Garry C. King*, Zhijian Xi+ and Malgorzata J. Michnicka+
*School of Biochemistry and Molecular Genetics, The University of New South Wales, Sydney 2052 Australia, and +Department of Biochemistry and Cell Biology, Rice University, Houston TX 77005 USA.
The TAR RNA element plays a central role in the control of HIV-1 transcription. This structure nominally consists of a stem-tribulge-stem-hexaloop motif which interacts with the HIV-1 Tat protein and a number of cellular factors. The major question of interest is the extent to which the local conformation and dynamics of the RNA determine its protein recognition functions.
A medium resolution 1H-NMR structure of [[Delta]]TAR, a 29mer fragment derived from the full-length RNA, suggested that the bulge and loop regions may have relatively well-defined conformations. However, detailed structures would prove very difficult to obtain due to the relatively small number of experimental constraints available in these regions. Given this systemic limitation, less direct structural probes such as dynamics measurements and site-directed mutagenesis were employed to obtain a better description of TAR conformational behaviour.

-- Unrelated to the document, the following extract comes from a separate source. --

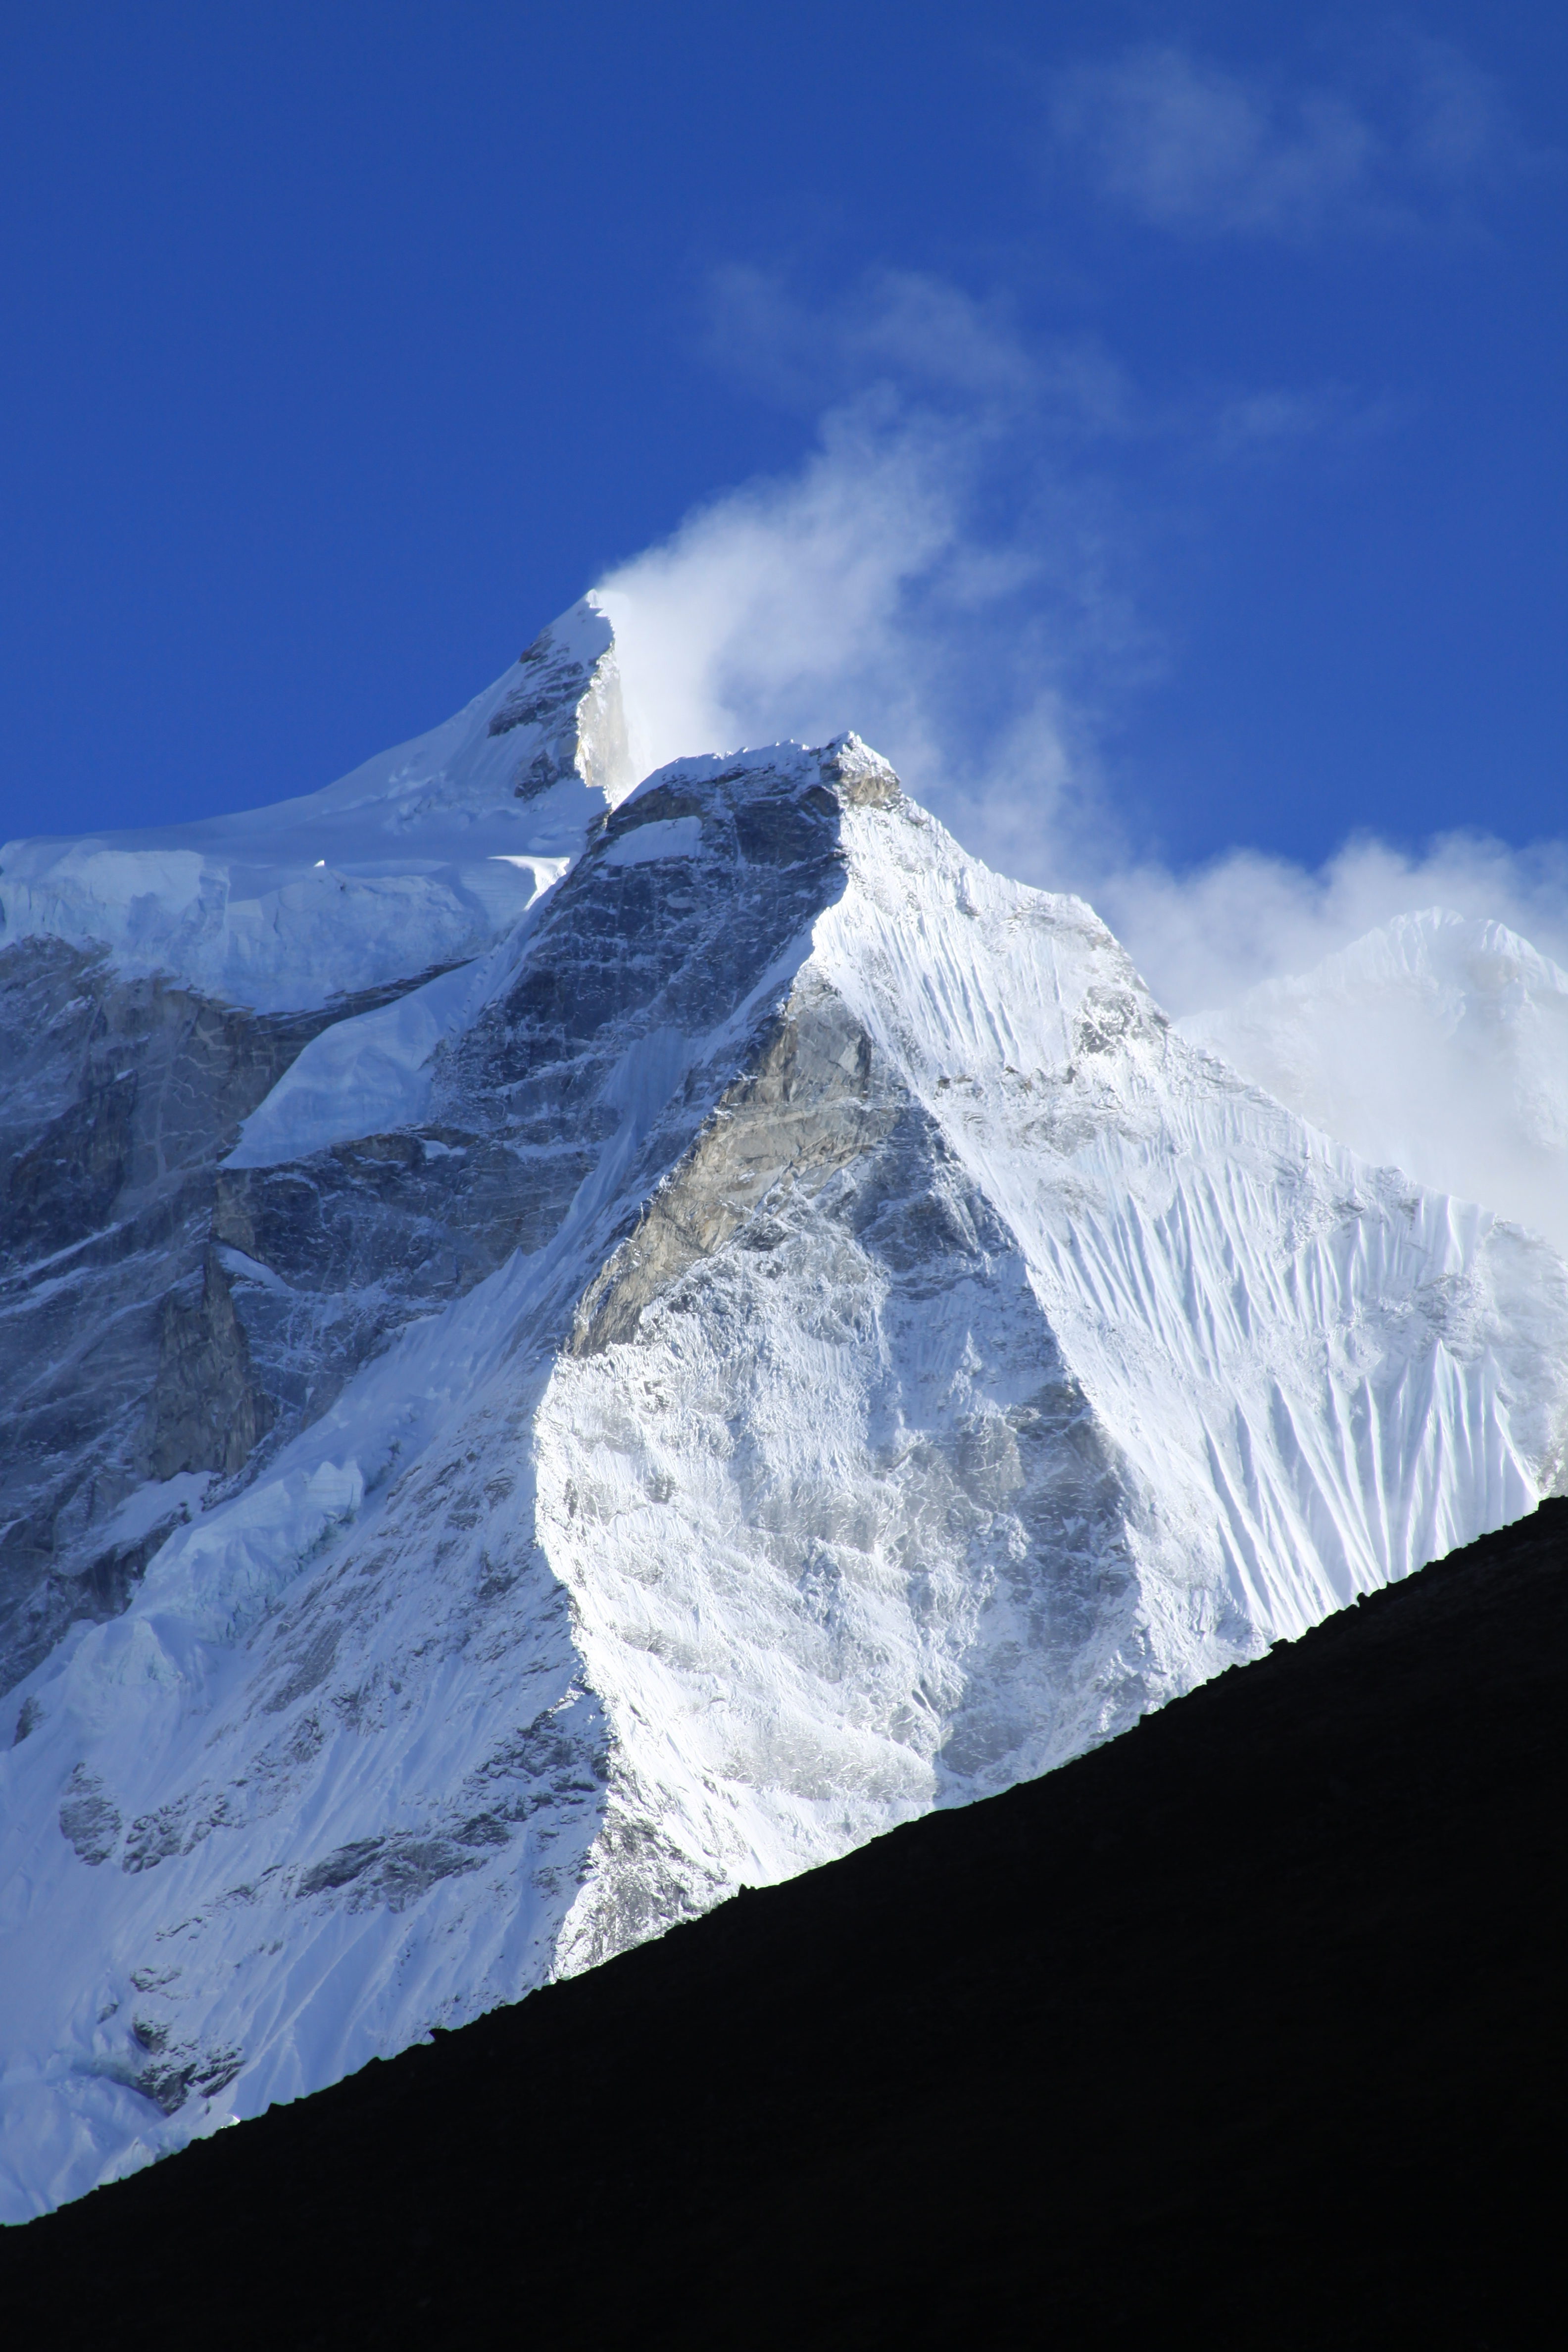 Just another crazy mountain in the Himalayas

Uniform isotope labelling and 2D 13C-1H NMR methods were used to examine the local atomic dynamics of [[Delta]]TAR. The influence of carbon-carbon coupling in ribose spin systems was minimised by the use of constant-time variants of known pulse sequences. Observed T1, T2 and NOE values were found to vary significantly, covering the ranges 356-531 ms, 21-77 ms, and 0.00-0.62 respectively. Order parameter analyses using three variants of the Lipari-Szabo formalism yielded S2 order parameters covering the range between 0.4 and 1.0, indicating a distribution of residue mobilities in a folded RNA similar to that observed for proteins. No evidence for the rapid sugar repuckering events predicted by molecular dynamics simulations was obtained. Loop residues C30 and A35 exhibited the lowest order parameters, and are least important for binding of TAR by cognate proteins, suggesting that residue entropy may play a more significant role in RNA recognition than previously appreciated.
1H-NMR analysis of a 17mer derived from the naturally-occurring TAR mutant HIVRF was also performed. These results, consistent with the dynamics measurements, suggest that the TAR loop does adopt a compact, relatively rigid structure.